THE GRIEVANCES OF THE SOCIALISTS
"Socialism is not only a theory of another and better system of society: it is an indictment of the existing order."[95] The Socialist conception of society as at present constituted, given in the preceding chapter, will have prepared the reader to some extent for the Socialist grievances. These grievances are three in number, and may be summed up as follows:
(1) The workers are for all practical purposes slaves who are kept in chains and forced to work by the capitalist class.
(2) The rich men cause the poverty of the poor by defrauding them of the largest part of their wages.
(3) The workers receive only from one third to one fourth of the wage which is their rightful due.
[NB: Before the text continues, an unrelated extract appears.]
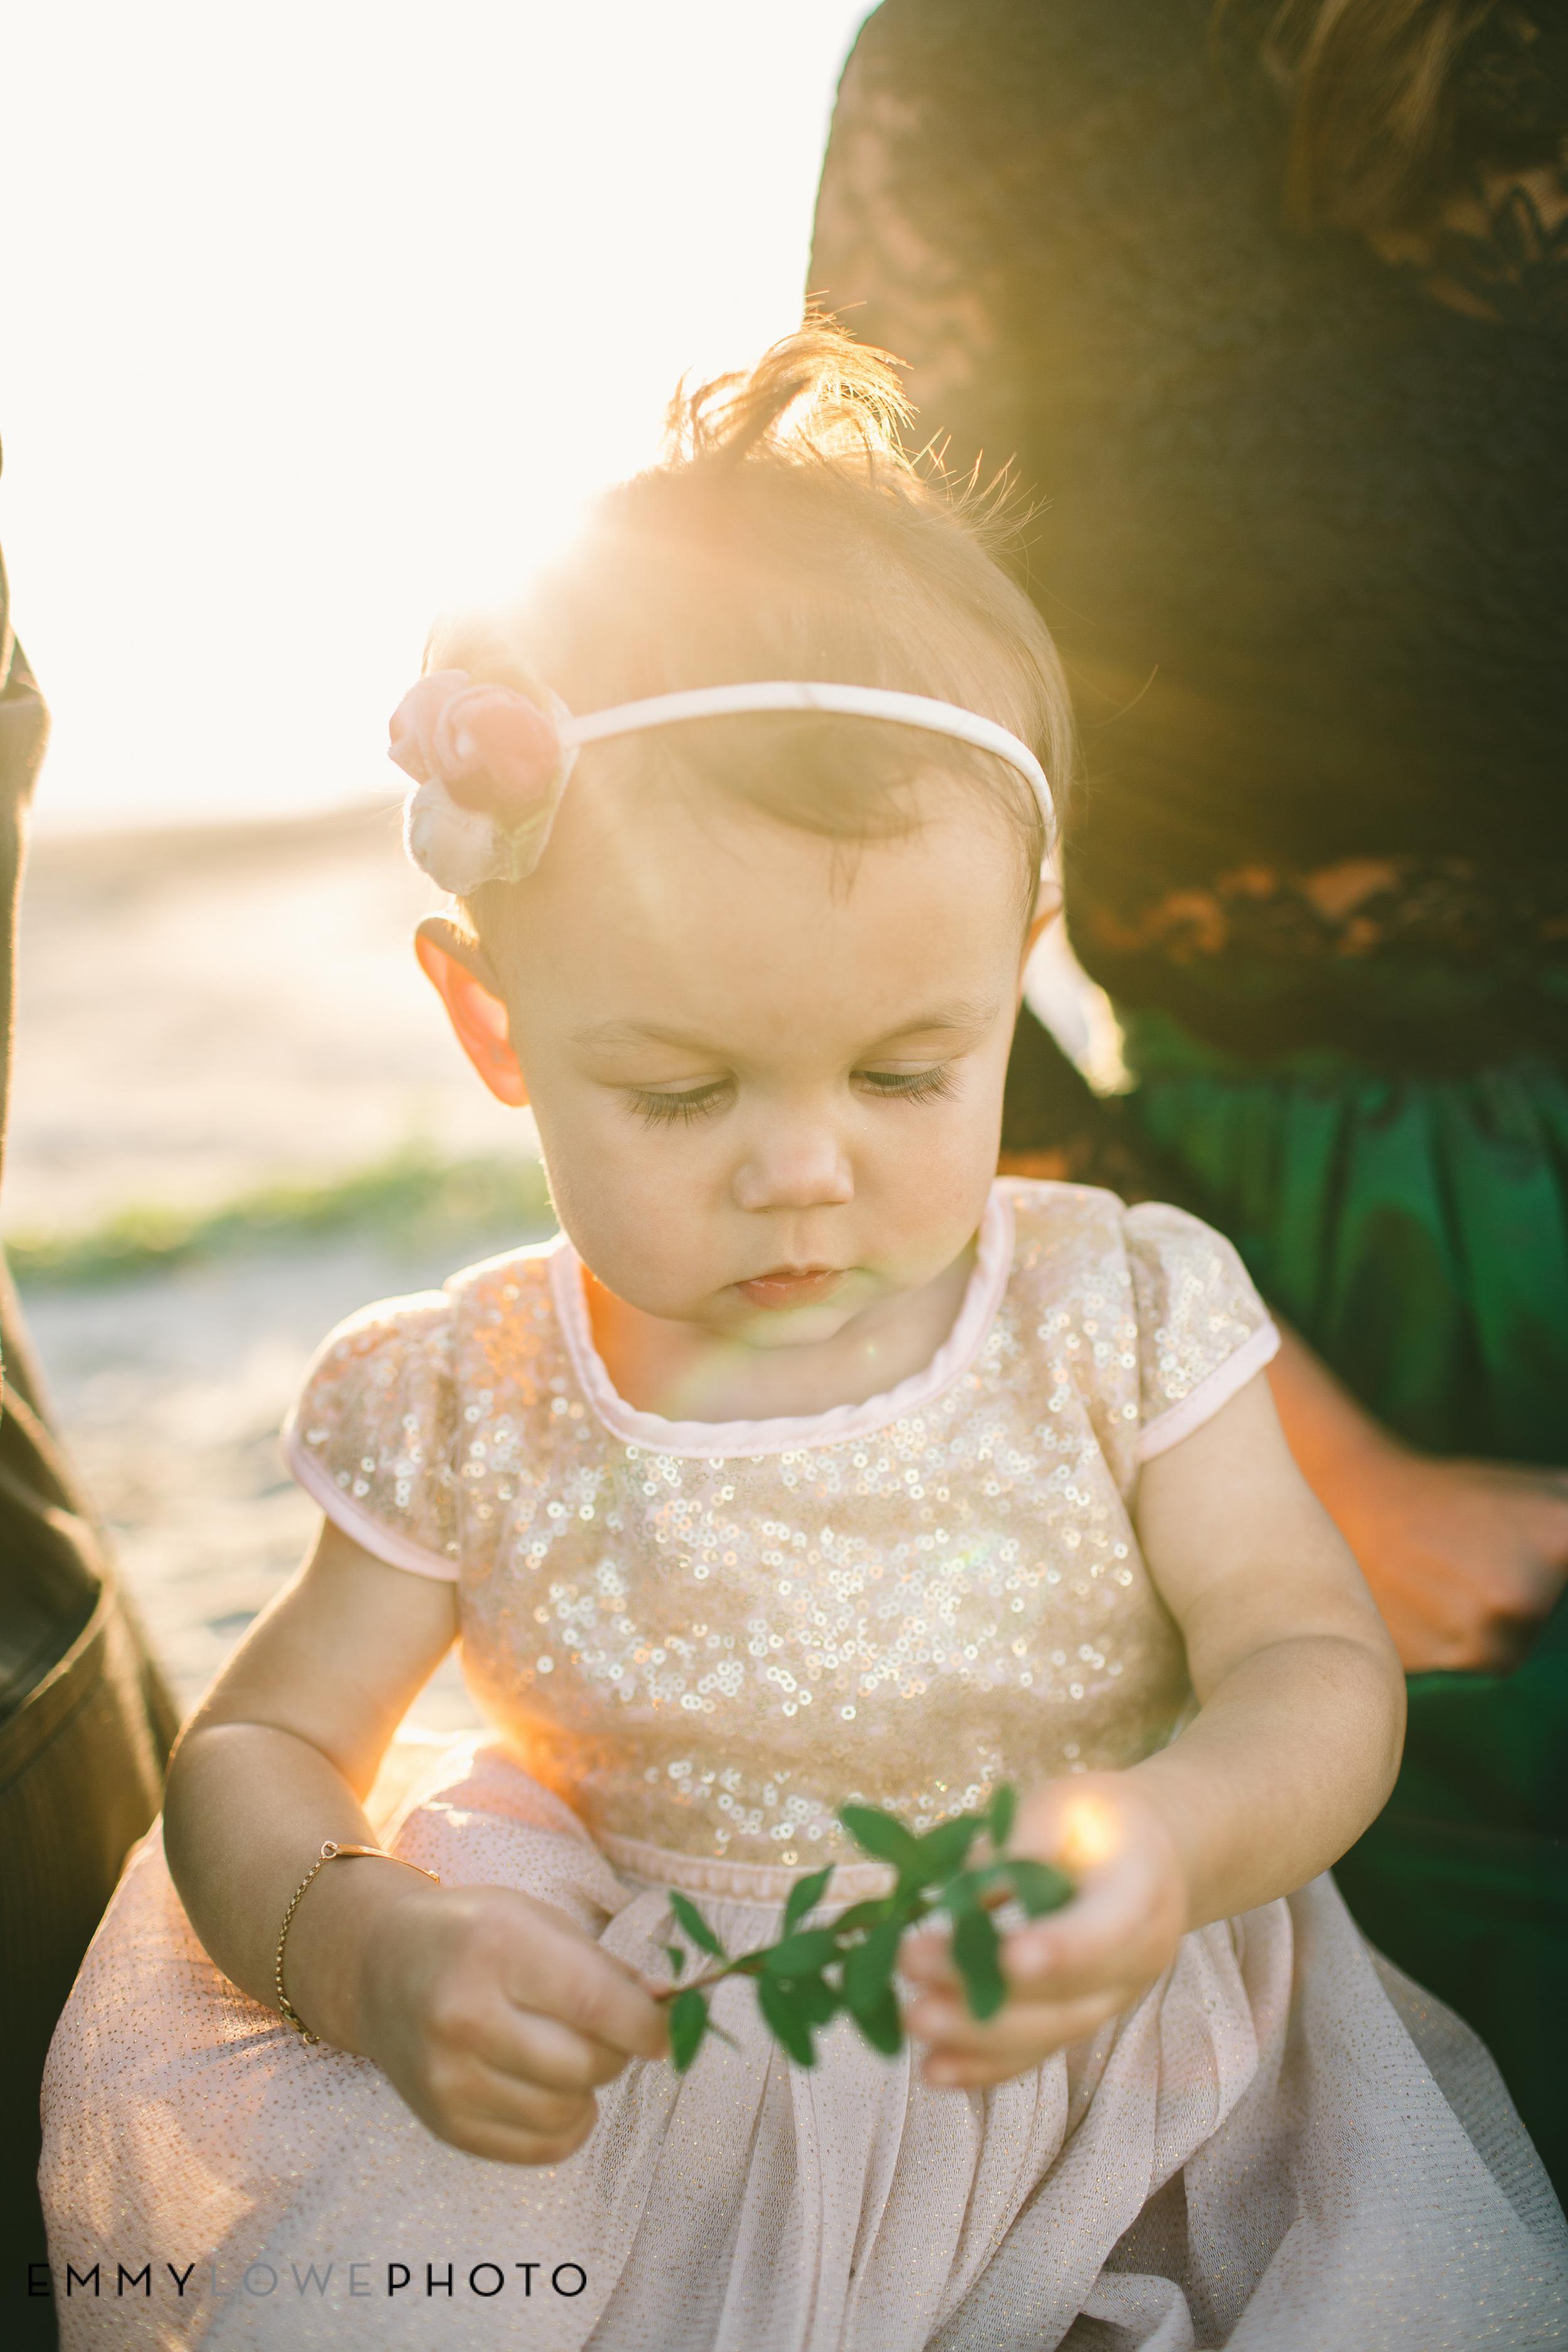 EmmyLowePhotoMeg.B.SaltFlats-63.jpg

Let us look into these grievances.
According to the Socialist leaders, the workers—
Helots in hunger nursed
Slaves of their reign accursed[96]—
keep the rich in affluence. Nevertheless they themselves are kept in poverty, degradation, and slavery by the capitalists whom they nourish by their labour. "The landlord owns the raw material and can live in idleness. The capitalist owns the machinery and can live in idleness. The worker has nothing, except his ability to work, and he cannot work without the consent of the landlord and the capitalist. Therefore, he is virtually a slave. He cannot control his own life."[97]
As a matter of fact the position of the worker is worse than was that of the slave. "It did not always pay to starve a slave, because if he died you might have to buy another one. Therefore the lot of the slave under a good master was in many respects better than that of the proletariat in our great cities."[98] "Poverty rather than property is the reward of labour to-day."[99] "Poverty is our reward for creating plenty, and the class that lives in luxury by exploiting our labour contemptuously informs us that the law of supply and demand condemns us to suffer the most hideous privation whenever our excessive industry has created a glut of all the things that satisfy human needs."[100]